[What to work on]: At the line that holds "Puravida Necklace Collection", start repeating, and keep going exactly through the final line of the material; include both ends and skip the pictures.

[Dataset excerpt]:
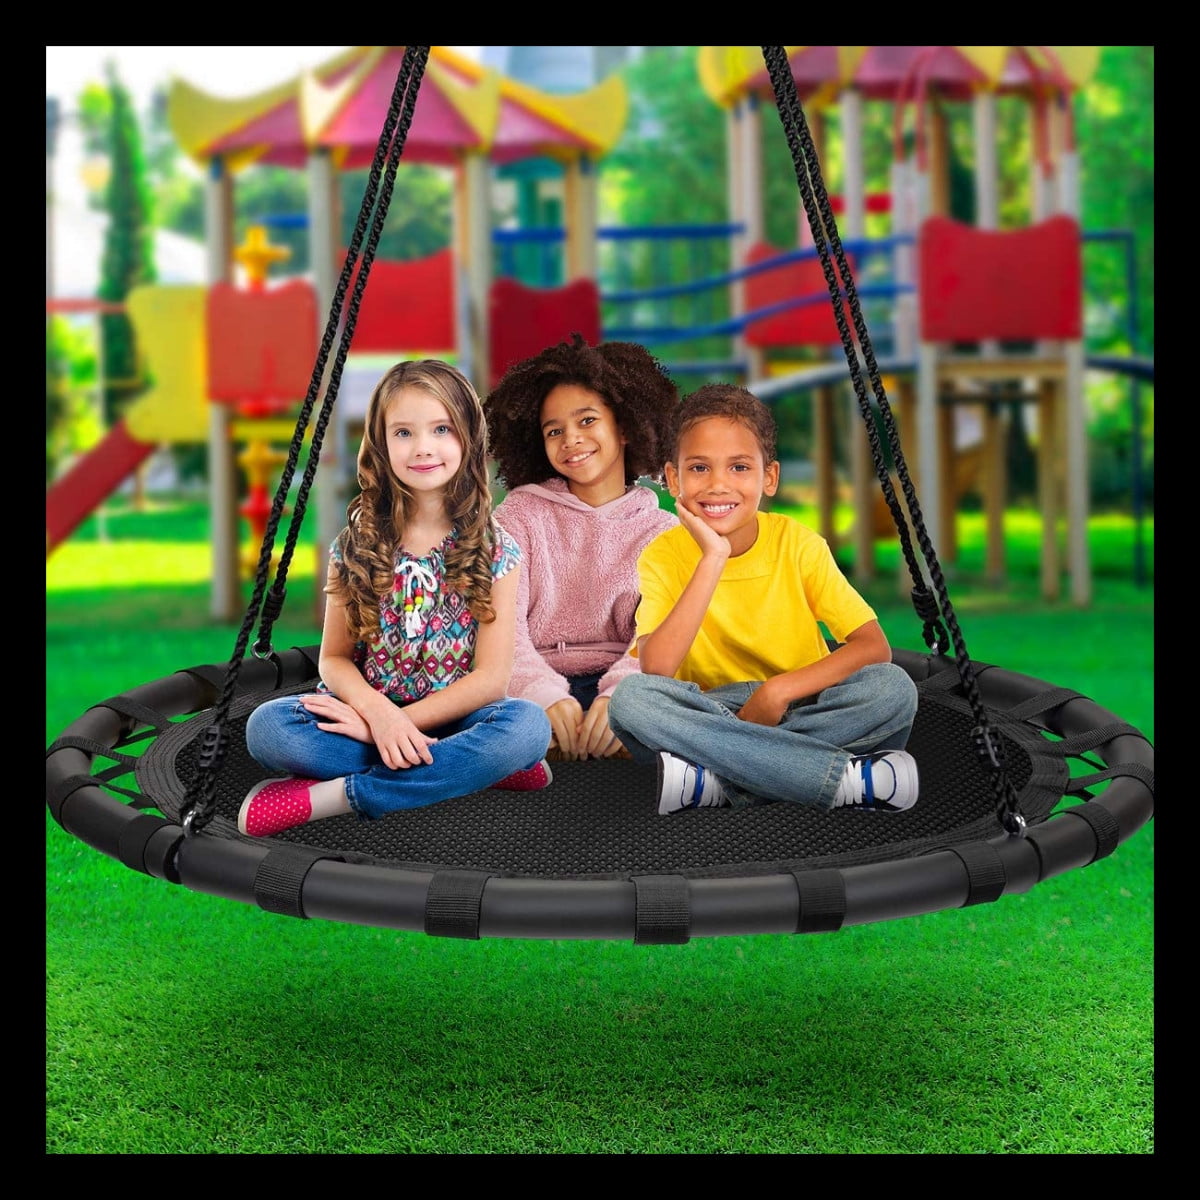 40" Flying Saucer Tree Swing Nest 700 lbs Children's Colorful Swing Easy Install 
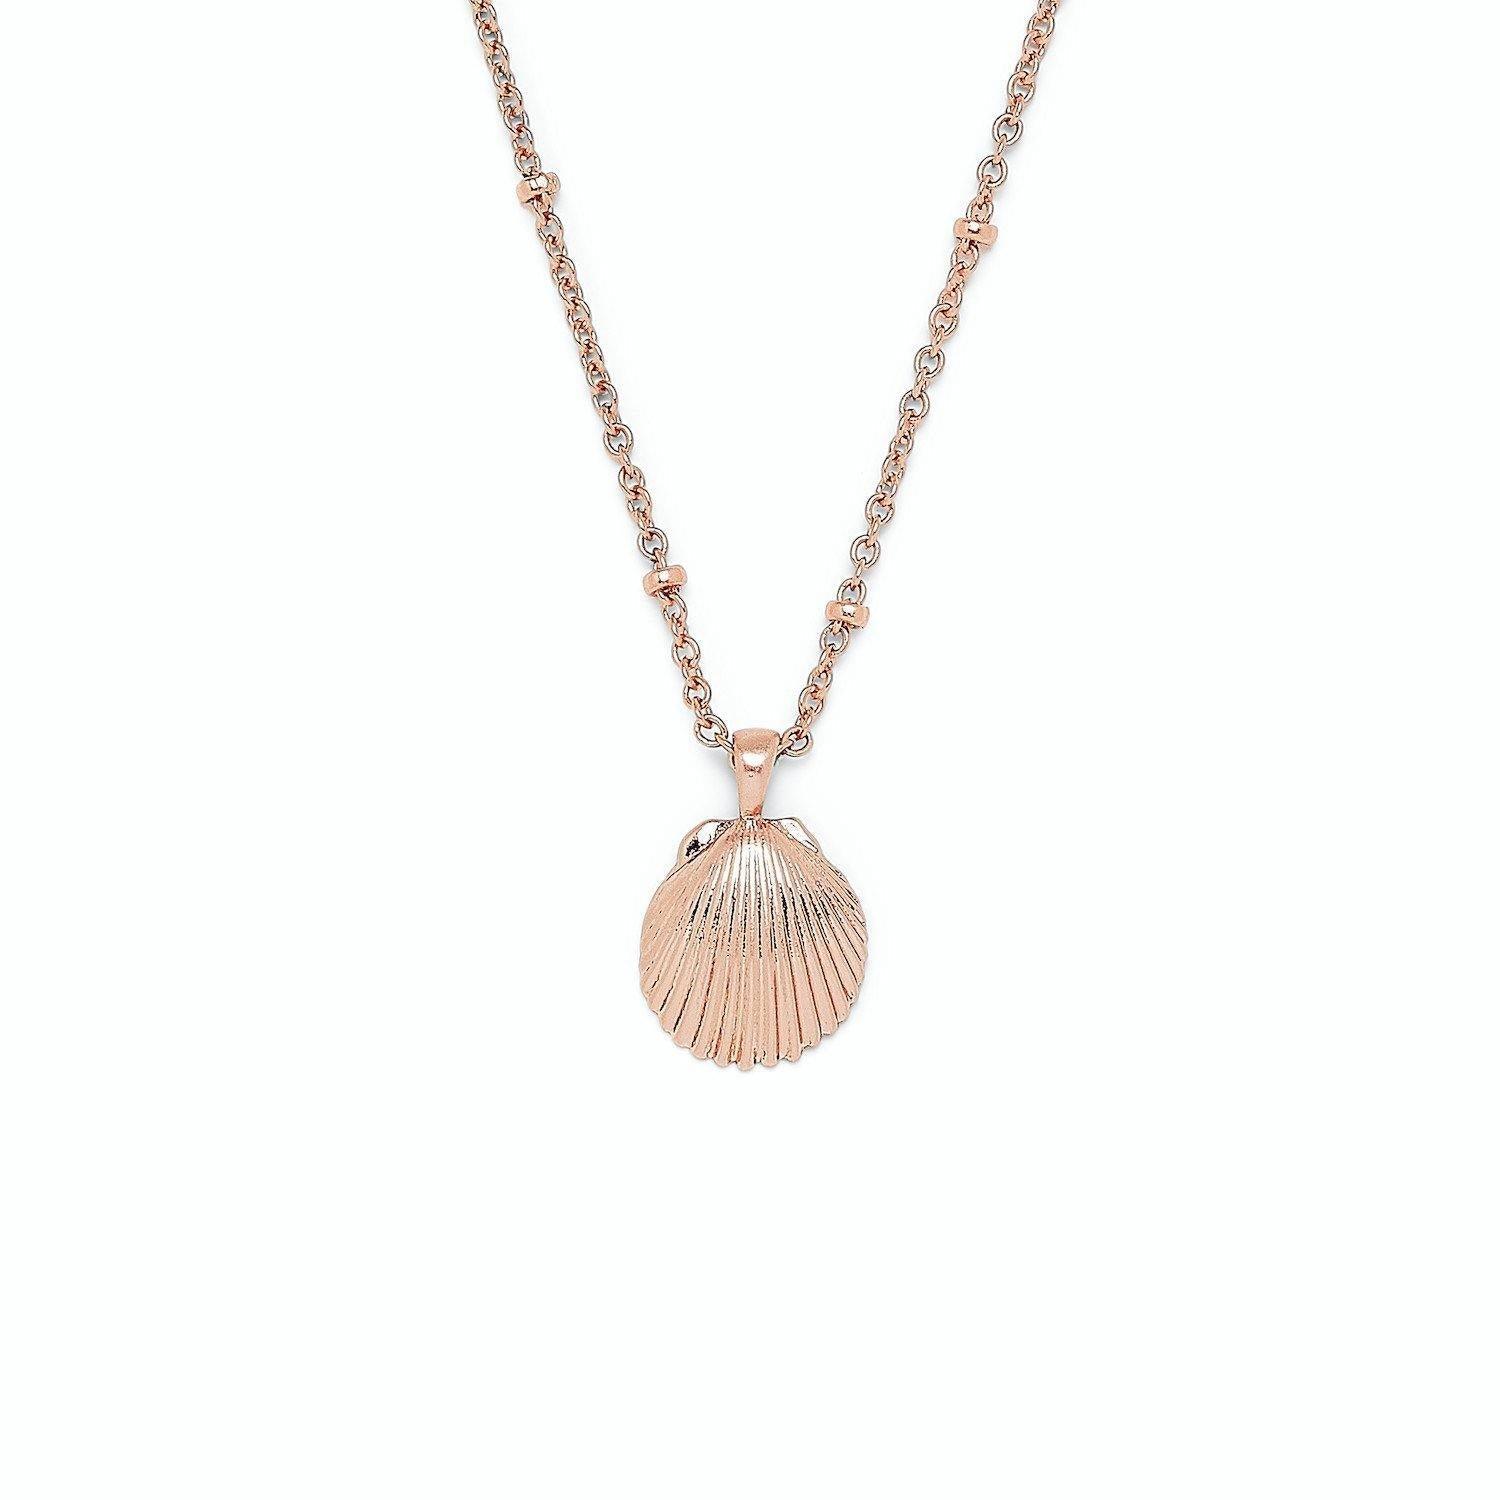 Puravida Necklace Collection 2 - The Salty Mare
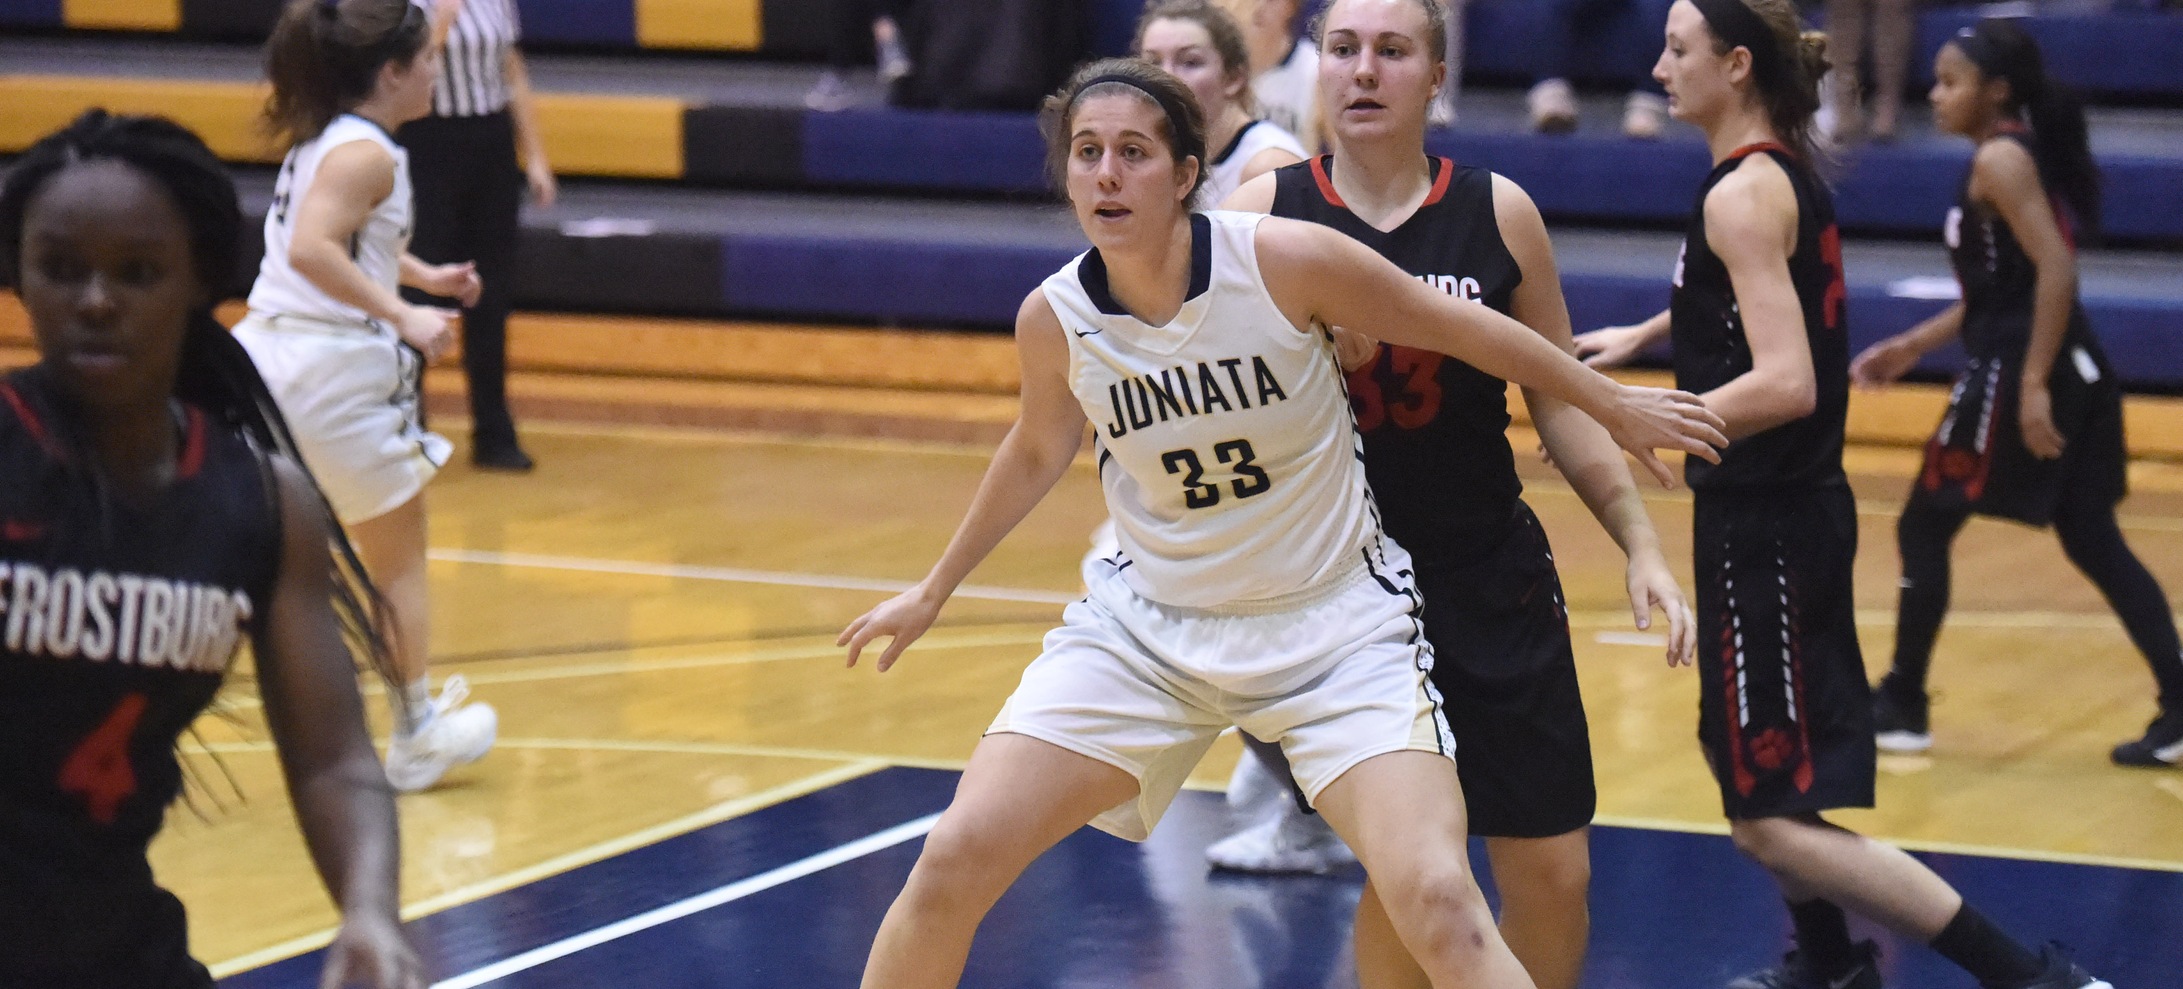 Women's Basketball Ranked 20th in D3hoops.com Poll

[Response area]:
 Puravida Necklace Collection 2 - The Salty Mare
 Women's Basketball Ranked 20th in D3hoops.com Poll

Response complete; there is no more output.